**Recorded data:**
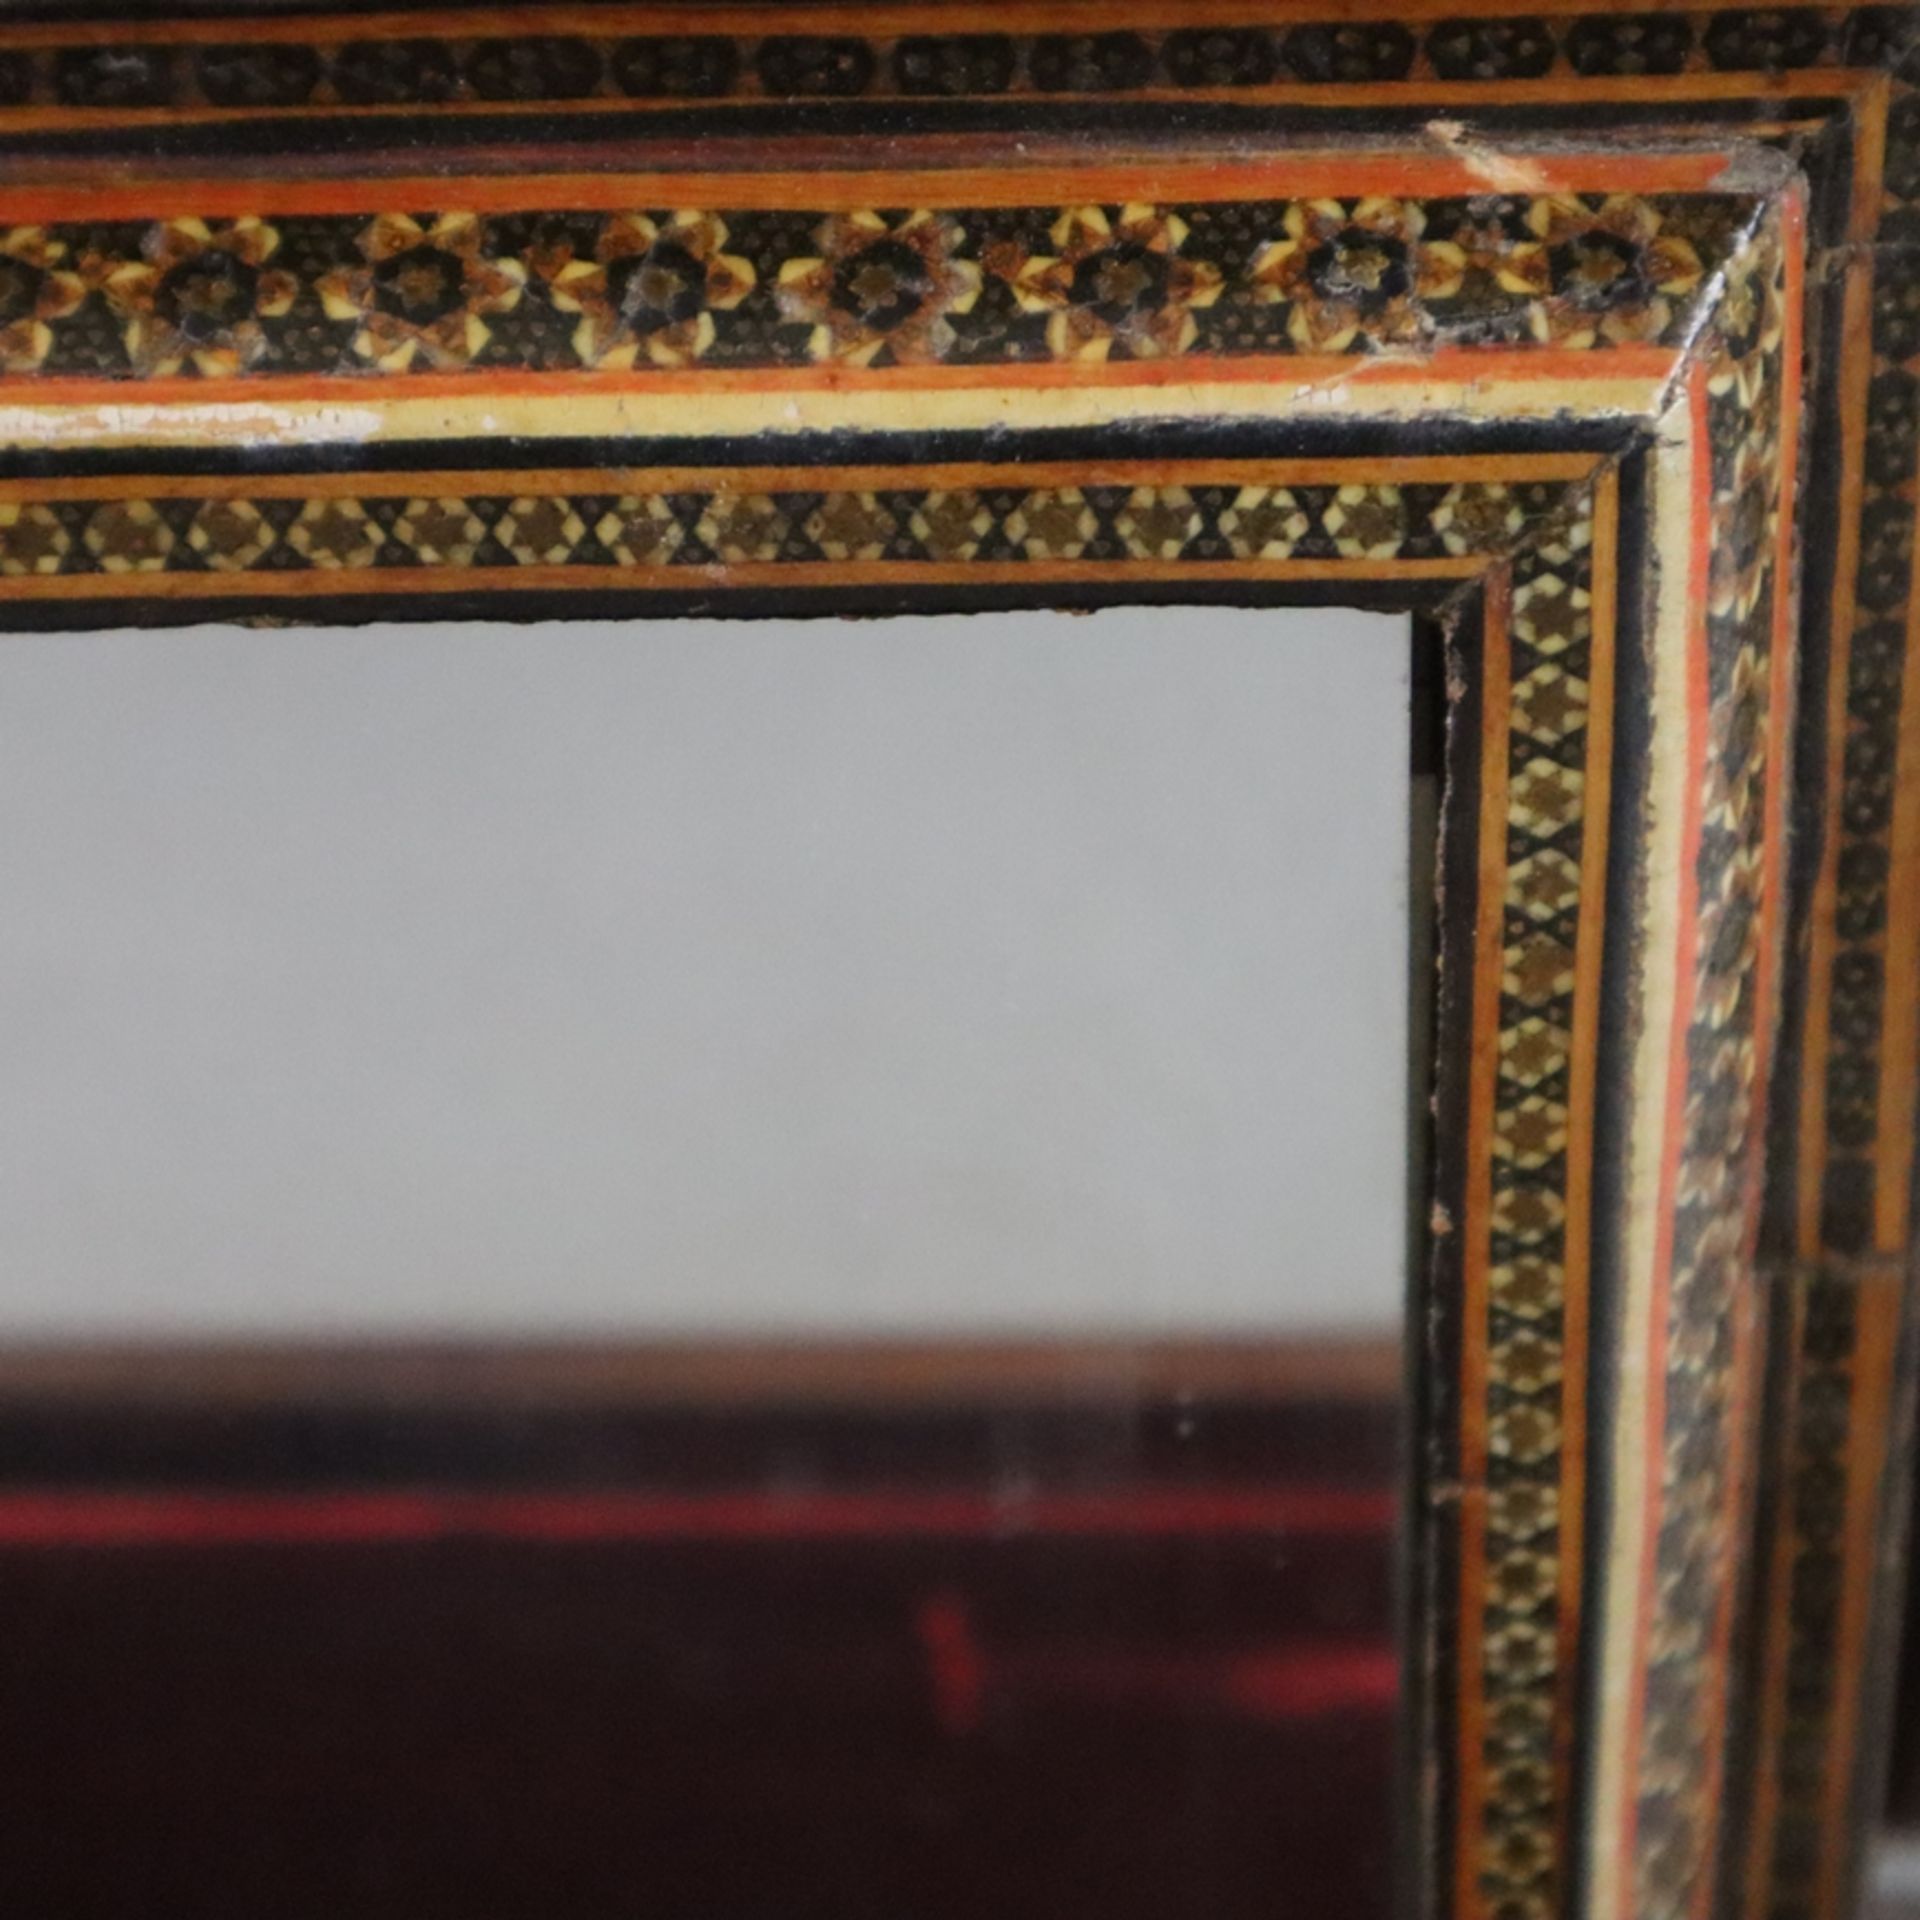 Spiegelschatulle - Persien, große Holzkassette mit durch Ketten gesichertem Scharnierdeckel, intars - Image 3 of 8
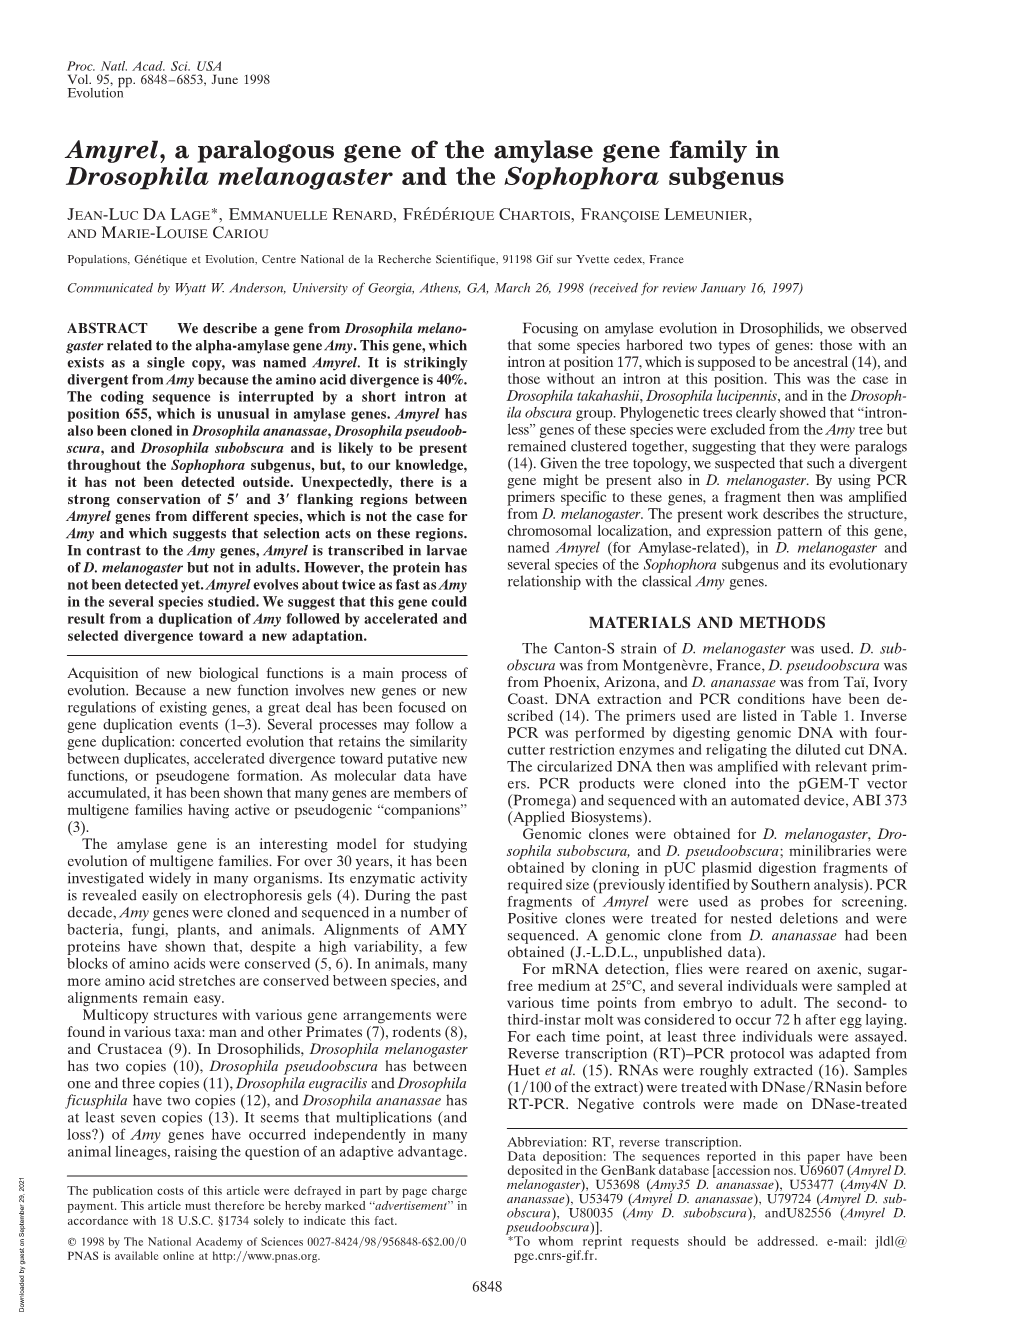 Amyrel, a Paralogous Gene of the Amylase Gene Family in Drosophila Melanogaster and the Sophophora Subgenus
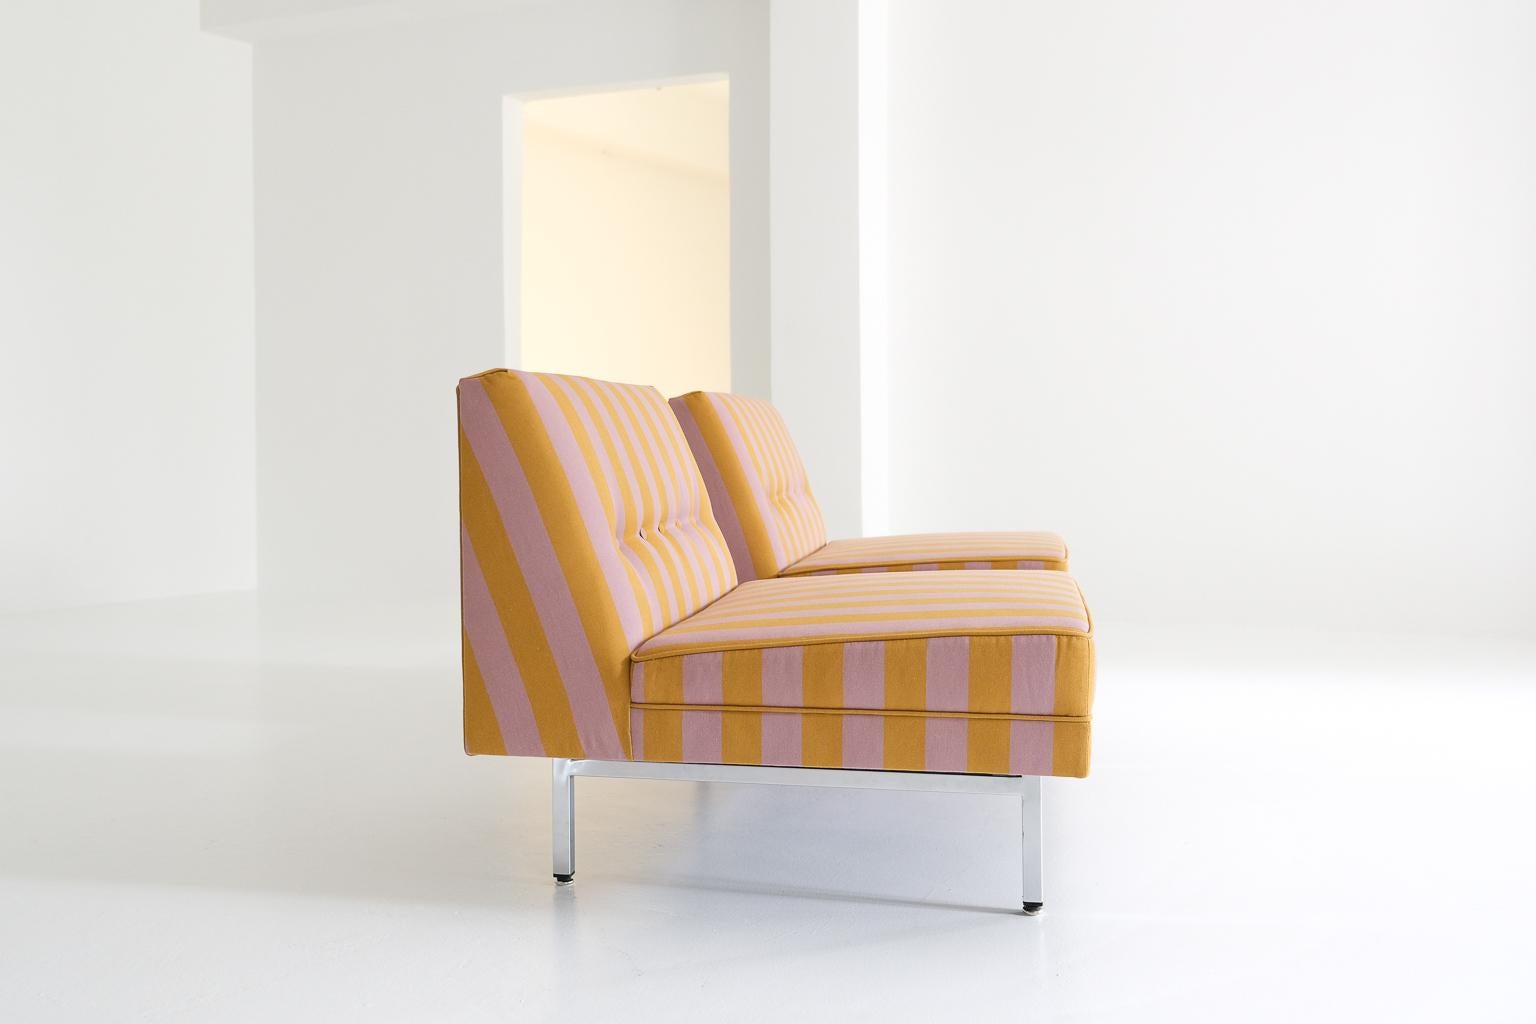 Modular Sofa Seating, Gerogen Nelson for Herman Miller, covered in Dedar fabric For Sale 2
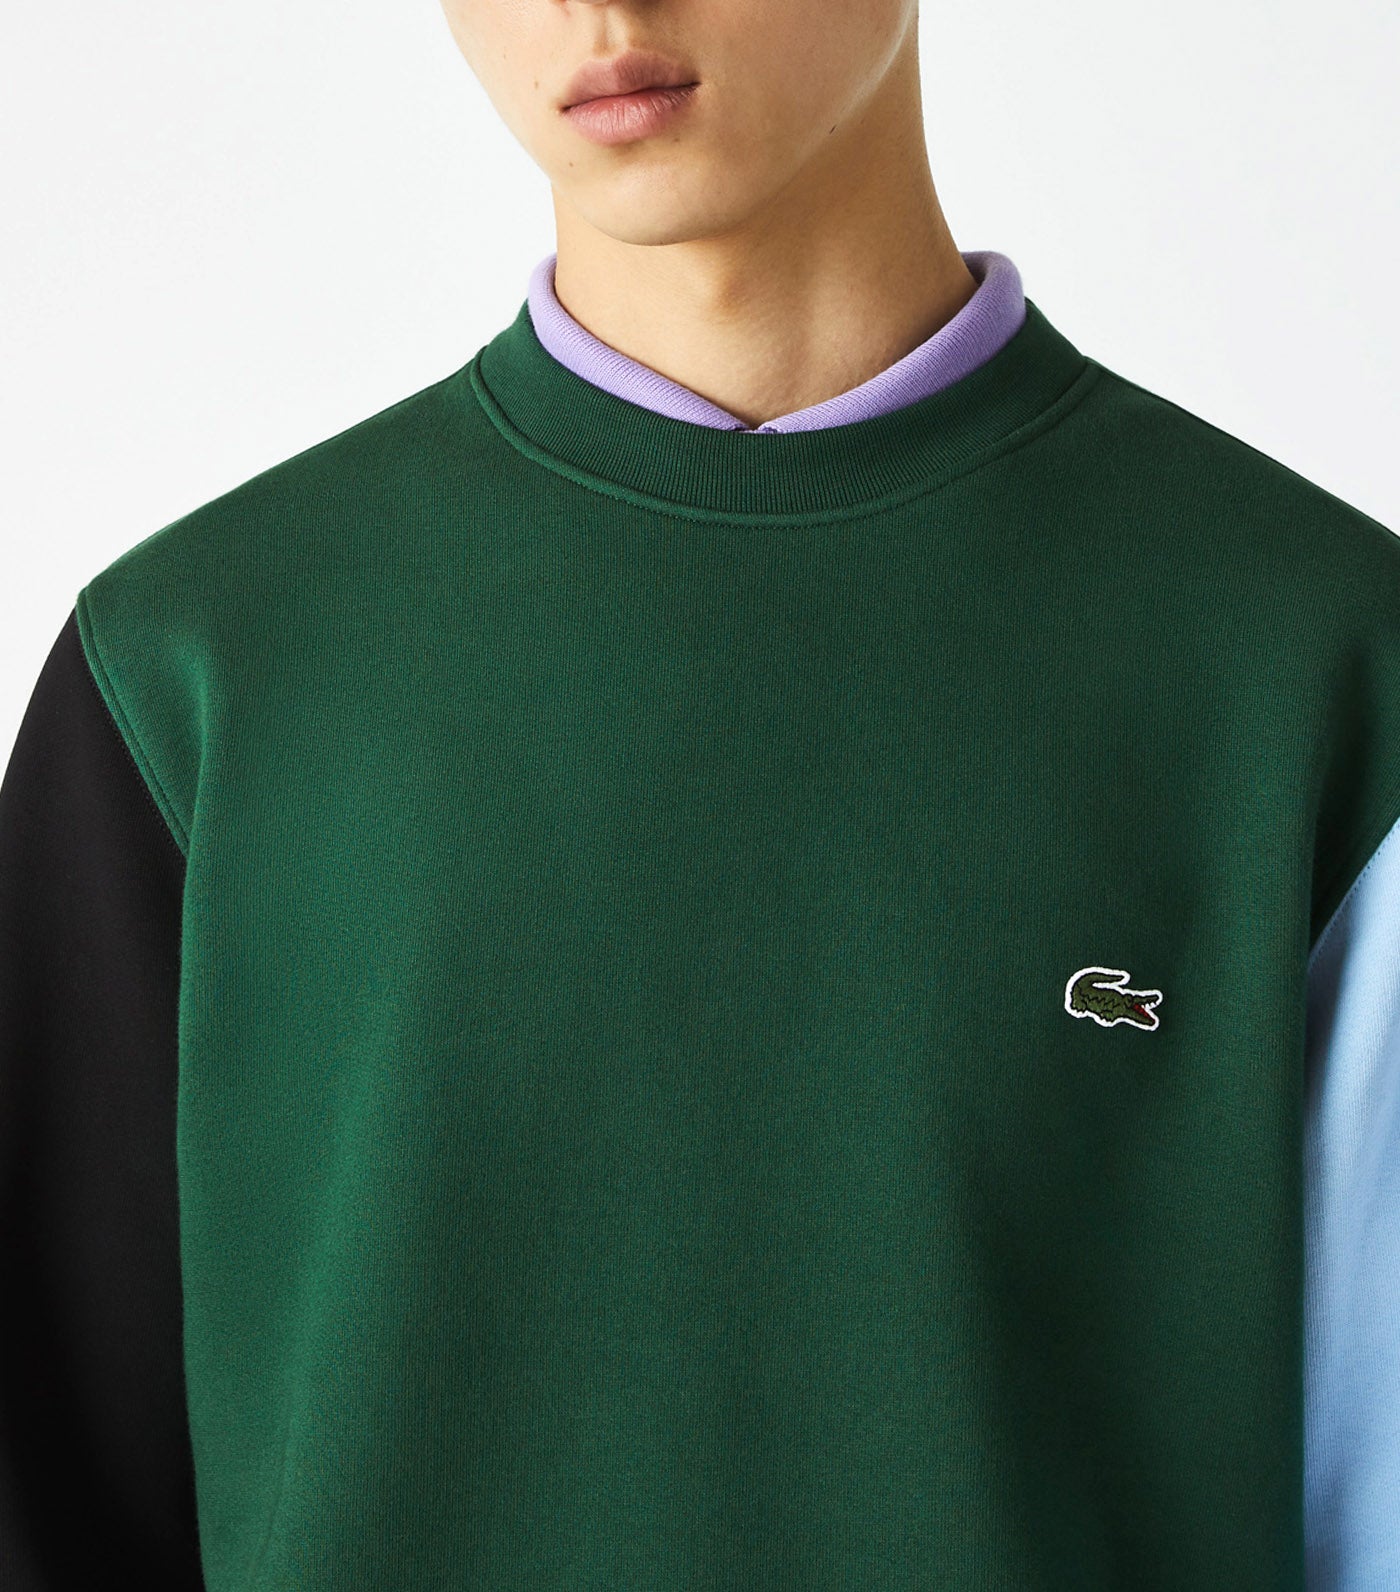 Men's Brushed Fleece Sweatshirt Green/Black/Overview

**Task:**
Print the material precisely as given, dropping any images it holds.

**Answer for this exercise:**
 Spiegelschatulle - Persien, große Holzkassette mit durch Ketten gesichertem Scharnierdeckel, intars - Image 3 of 8
 Amyrel, a Paralogous Gene of the Amylase Gene Family in Drosophila Melanogaster and the Sophophora Subgenus
 Modular Sofa Seating, Gerogen Nelson for Herman Miller, covered in Dedar fabric For Sale 2
 Men's Brushed Fleece Sweatshirt Green/Black/Overview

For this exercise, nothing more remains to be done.